Dominion officials say they need to build the towers because new federal emissions restrictions are forcing the closure of two dirty, coal-burning power plants in Yorktown. They say the towers are the only way to provide electricity to north Hampton Roads without risking rolling blackouts when energy use spikes on hot summer days.

Conservationists, such as the National Parks Conservation Association and the Chesapeake Conservancy, say invoking blackouts is a scare tactic. And they argue that sticking towers as tall as 290 feet in the river is a mistake, given that the landscape looks pretty much as it did when Capt.

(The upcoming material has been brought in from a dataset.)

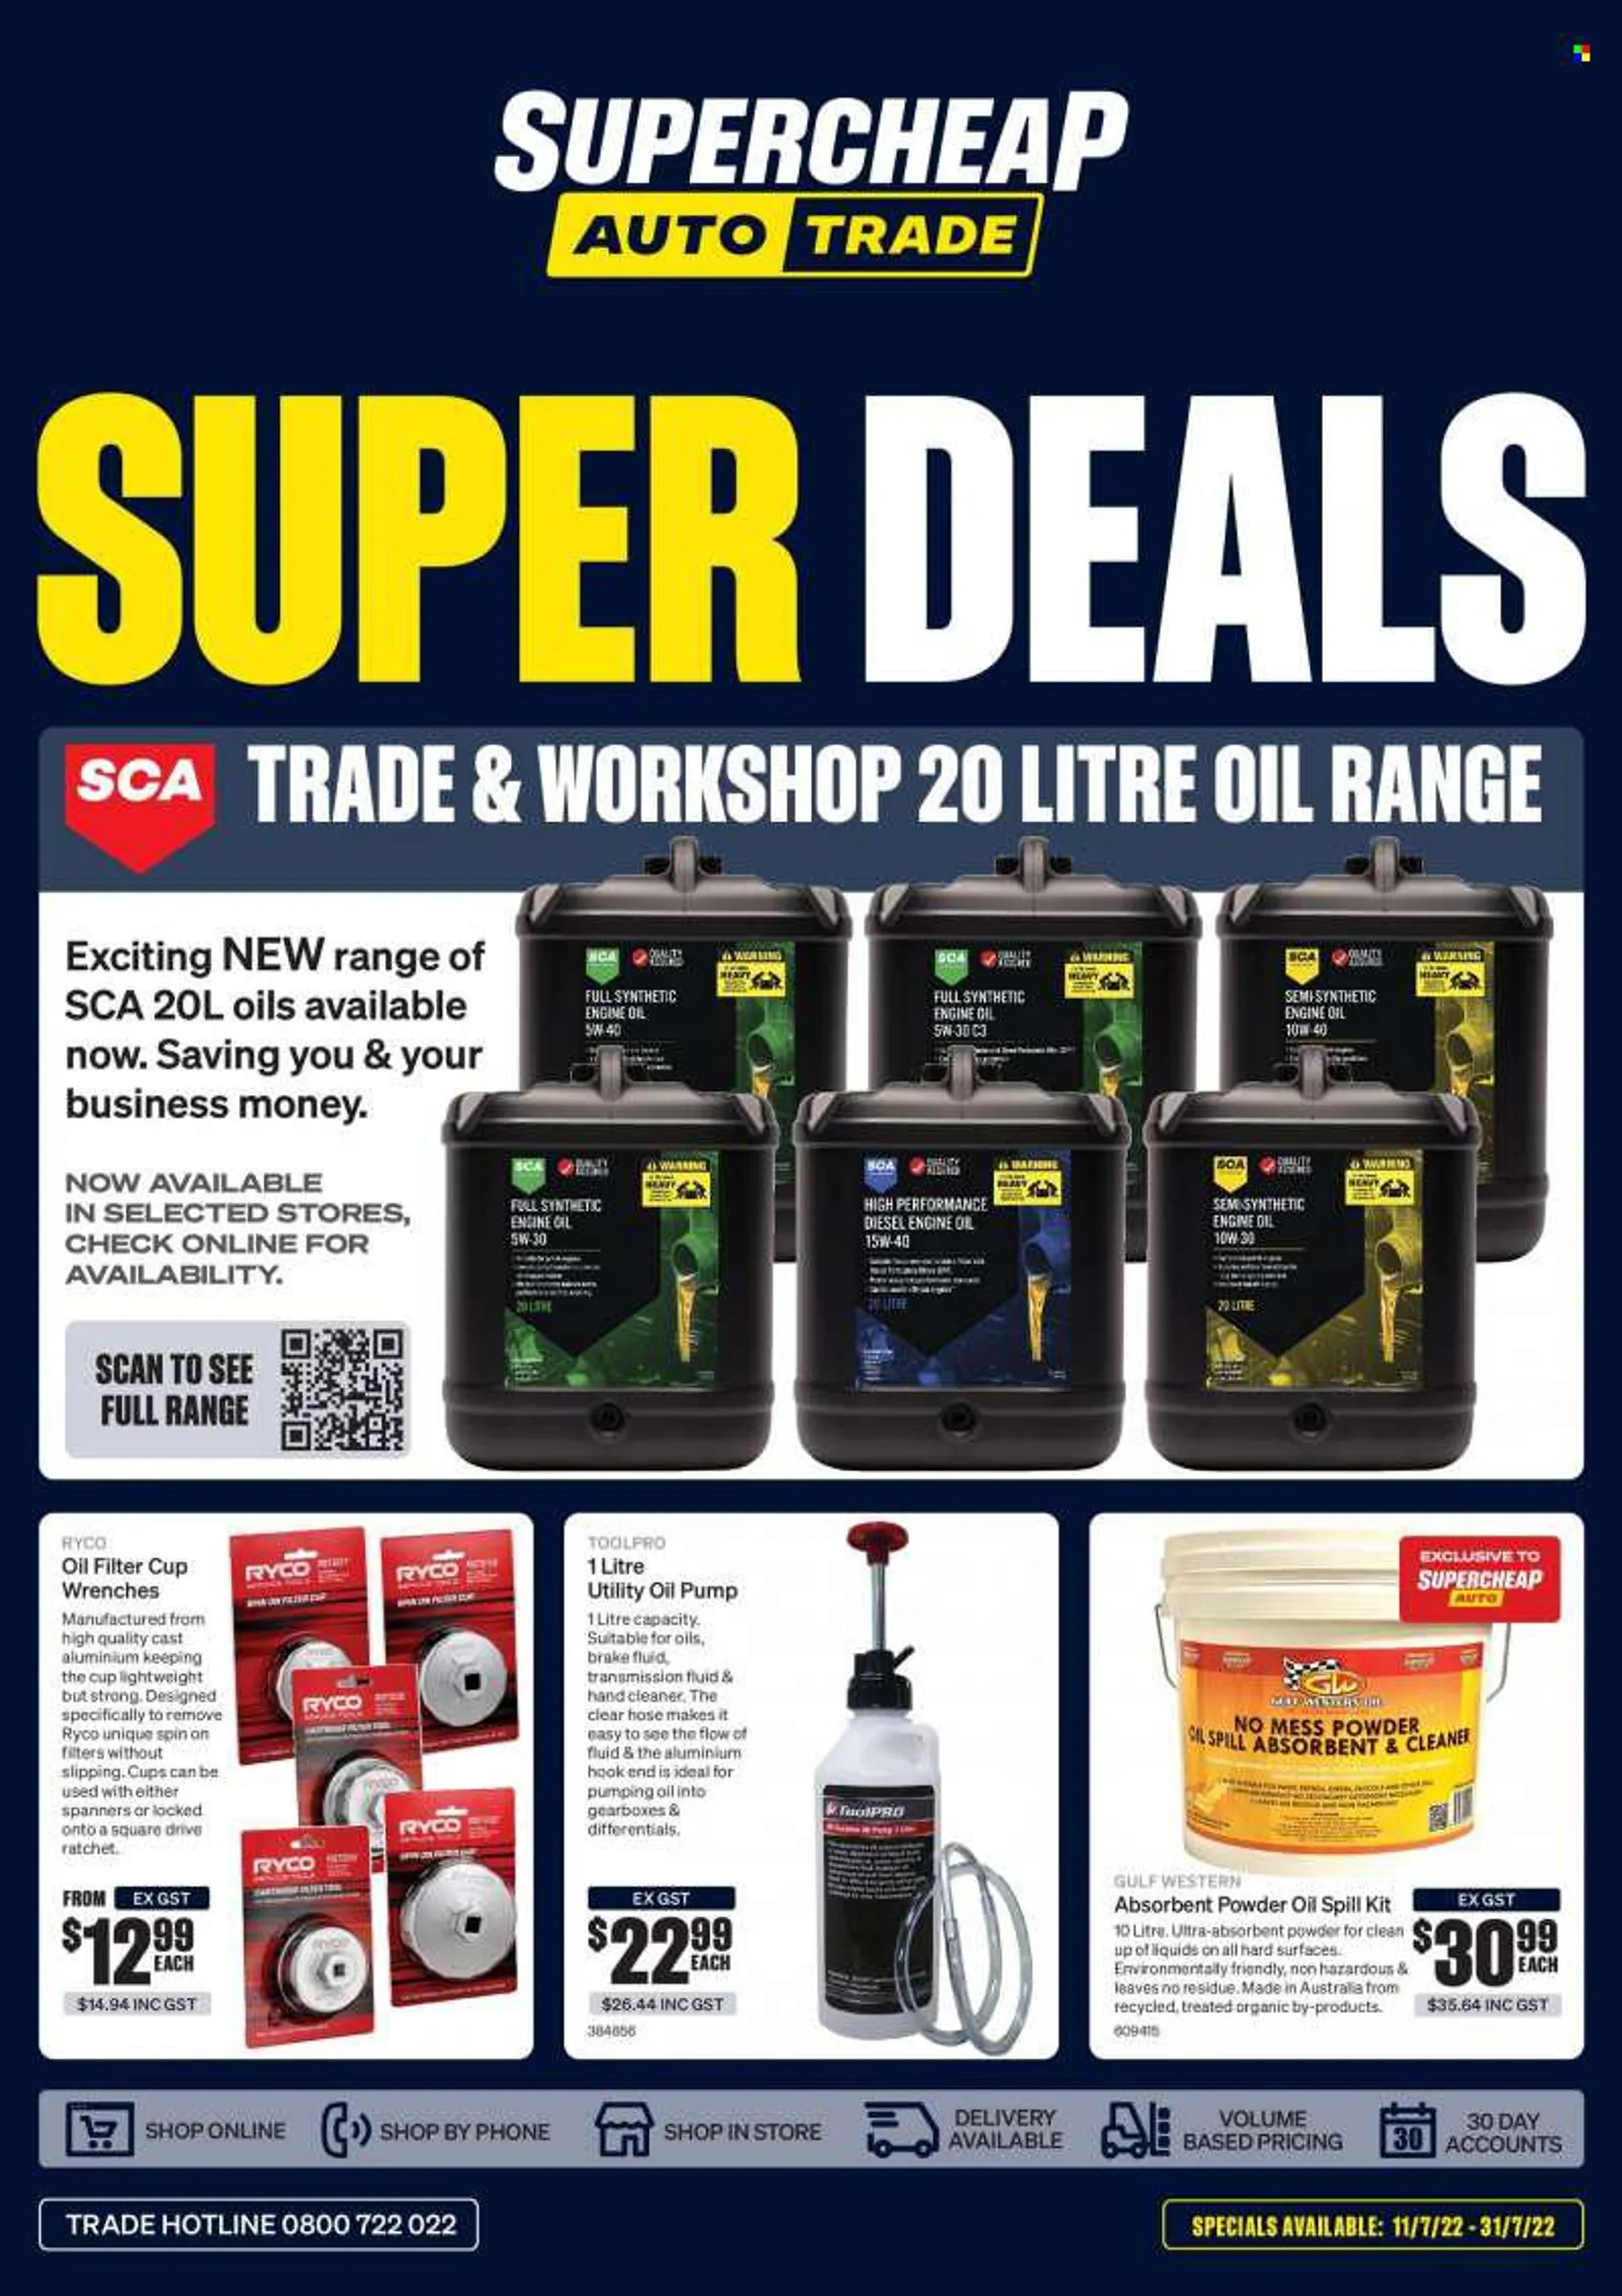 SuperCheap Auto mailer - 11.07.2022 - 31.07.2022 - Sales products - cleaner, hook, cup, pump, wrench, oil filter, transmission fluid, brake fluid. Page 1.

John Smith first saw it in 1607. They say Dominion should consider alternatives.
So the need for these transmission lines is a result of Obama's war on coal?
“The underlying issue is we have remarkable resources surrounding these towers, specifically sturgeon,” Brunkow said. A deep-water channel under his boat “is where we would find the sturgeon .?.?. in heavy concentration” during an April-to-June spawning rite and a late July-to-October spawning season.
 So what's the issue with sturgeon?
 About 100 sturgeon were killed by the propellers of industrial ships during construction of the new Tappan Zee Bridge across New York’s Hudson River, Brunkow said, and environmentalists are worried that the same could happen when big ships help erect the transmission towers.

Placing 17 transmission towers across a river in water as deep as 30 feet is no small feat. The two-legged skeletal frames must be anchored to the river floor in concrete and forced into the ground by a massive pile driver.

The thumping percussion of the pile driver is likely to disturb not only the sturgeon, but also other anadromous fish that live their early lives in rivers before moving on to the ocean as adults.

“Every sturgeon killed by ship strike or a tower being pounded into the ground in this important area is a step backward in the effort to recover this population,” he said.

Dominion proposed a solution, said Stephenie Harrington, the project’s communications chief. Its crews would work only November to February to avoid the long spawning season. And when the giant pile driver is in operation, Dominion would erect a plastic bubble curtain to blunt the hammering, it said.
 But do we really have to give up sturgeon to bring power to Hampton Roads?
Dominion was heartened several weeks ago when the National Oceanic and Atmospheric Administration said that those steps meant the project “was not likely to adversely impact” sturgeon.

But in a November interview, a spokeswoman for the NOAA Greater Atlantic Region said that the determination was preliminary. The agency is involved in a deeper investigation into whether sturgeon can withstand the impact of transmission towers, said Jennifer Goebel, a spokeswoman.
I guess the question is whether the environmentalists can call on the White House to put pressure on NOAA, the same way they got the White House to politicize the State Department's findings on the impacts of the Keystone Pipeline. I know how I'd bet. If it were Washington D.C. and not Hampton Roads, I wouldn't care. They deserve the blackout.